When an employee leaves, the respective team needs to absorb the extra work, creating more unsatisfied, unwilling employees. It hurts the productivity and the culture of an organization. Even if an organization hires a new employee, it needs to spend time and money on training and the right orientation. It’s a guaranteed drop in productivity.

Rewarding has proved an antidote to this all-too-prevalent malice. A study by Bersin & Associates found that organizations with rewards programs had 31% lower voluntary turnover than those with ineffective rewards programs. Clearly, all the companies, from biggies to beginners, want to stand high on the heels of rewards programs’ benefits.


Here are a few examples of the most fascinating and scintillating examples of rewards programs:

1. Zappos

Zappos, a multinational e-commerce chain, is known for its stronger value-based work ethics, and its reward program is no exception to it. In sync with the company’s motto of “doing more with less,” its employee reward approach is based on a peer-to-peer format, where employees share low-cost, high-frequency rewards with each other.

It rewards employees with “Zappos Dollars” for training participation, either as learners or volunteers. Employees can redeem these dollars in the office via branded vending machines or donate them to a Zappos partner charity.

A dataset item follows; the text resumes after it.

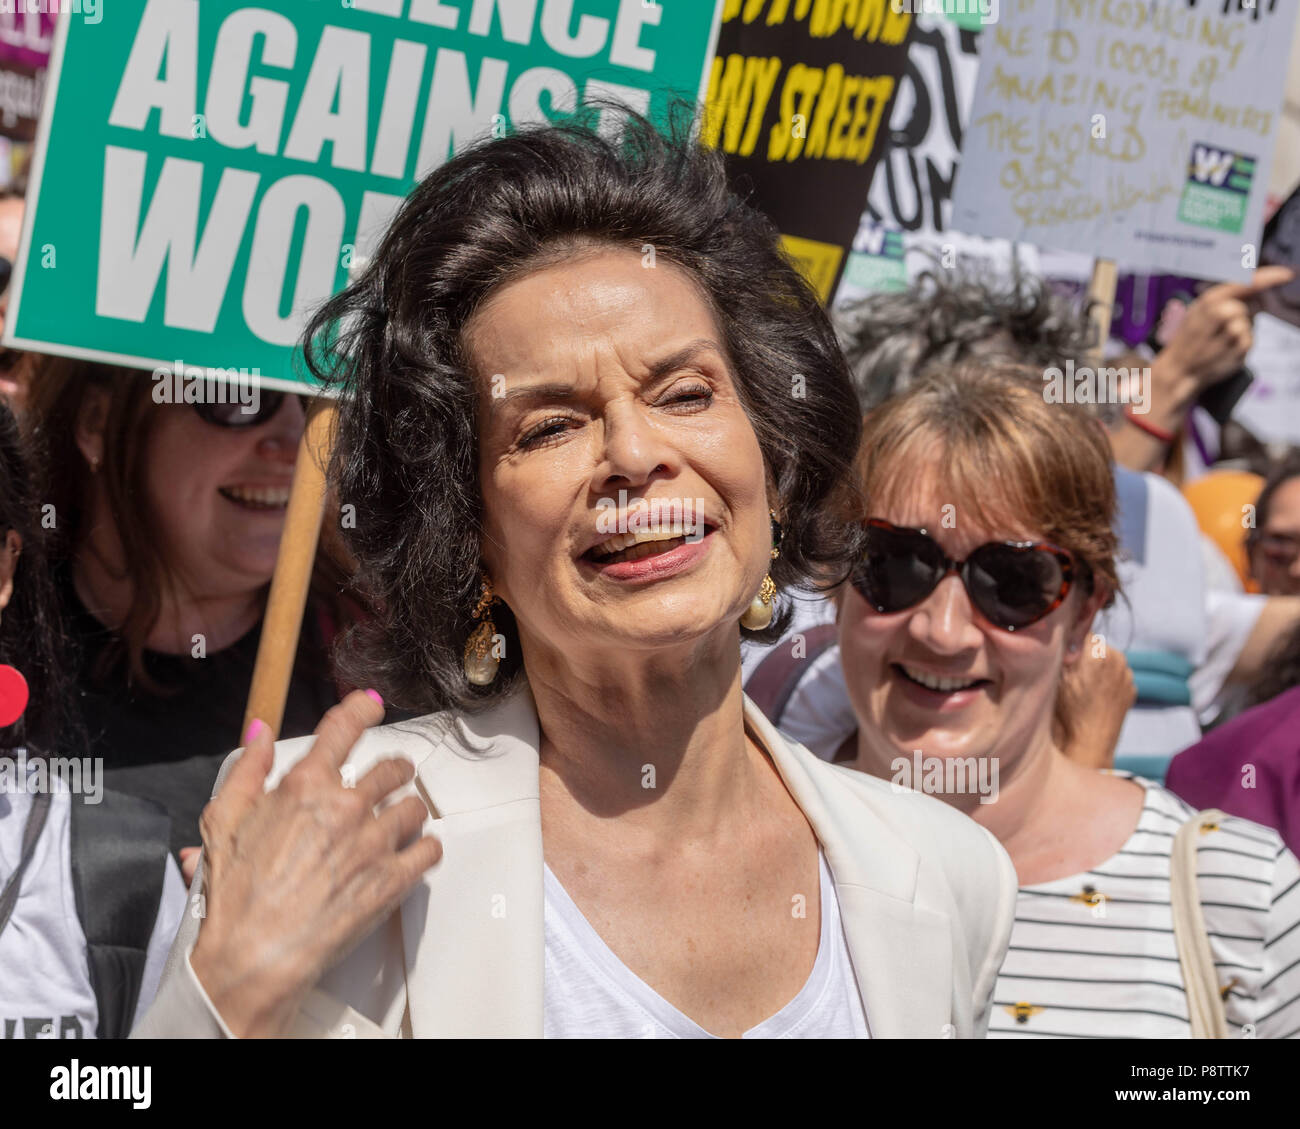 Londres, le 13 Juillet 2018 Mars femme -Mettre l'anti bruit démonstration trump illustré Bianca Jagger Credit Ian Davidson/Alamy Live News Banque D'Images

However, what makes it uniquely eye grabber is it is tailor-made according to the needs of the office location. At the company’s Las Vegas premises, owning a parking spot in the busy morning hours can be a real challenge. Once a week, employees are allowed to nominate a colleague for a special parking spot that is considered a “reward.”

2. Apple

There is a reason why Indeed named Apple the best private-sector employer in the U.K, and LinkedIn ranked it the sixth-best company to work for in the U.S. The crux of it was formed by its thoughtful, humane, and creative employees' rewards and recognition programs.

One example is the holiday season. Apple surprised its employees with an extended holiday so that the entire workforce could take a week’s break. Instead of just one day off on Thanksgiving, Apple decided to offer paid holidays for three days in a row.

However, Apple converted this seemingly simple perk into rewards by customizing it according to an employee’s location and job role. Employees sweating out in different parts of the world would get paid time off during an equivalent holiday. Retail workers who put in extra efforts during the holiday season would get a similar reward at an alternate time.

3. Hewlett Packard

The IT giant, commonly known by its abbreviation HP, is known for rewarding employees and partners with cutting-edge and creative ways, and Project Everest is a prime example of it. In this gamified rewards system, product resellers get represented by an avatar climbing a mountain.

Every time a salesperson flags a scintillating sales achievement, the avatar would move up the mountain. The best performers were able to win televisions and tablets as they made their way up the mountain. The grand prize was the vacation of a lifetime.

It was a runaway success in two of the most important criteria of any reward program: participation and the ultimate revenue lift.

With over 80% of all Hewlett Packard resellers participating in the project and sales revenue increased 56.4%, it quelled all the doubts about the efficiency of the reward system, especially in its advanced gamified form, to lit the sales funnel unprecedentedly.

4. DirecTV

Rewards don’t always have to celebrate success. They can be used effectively to learn from failures and circumvent the trigger points of those failures. DirecTV’s F12 is a flaming example to be caged in this category.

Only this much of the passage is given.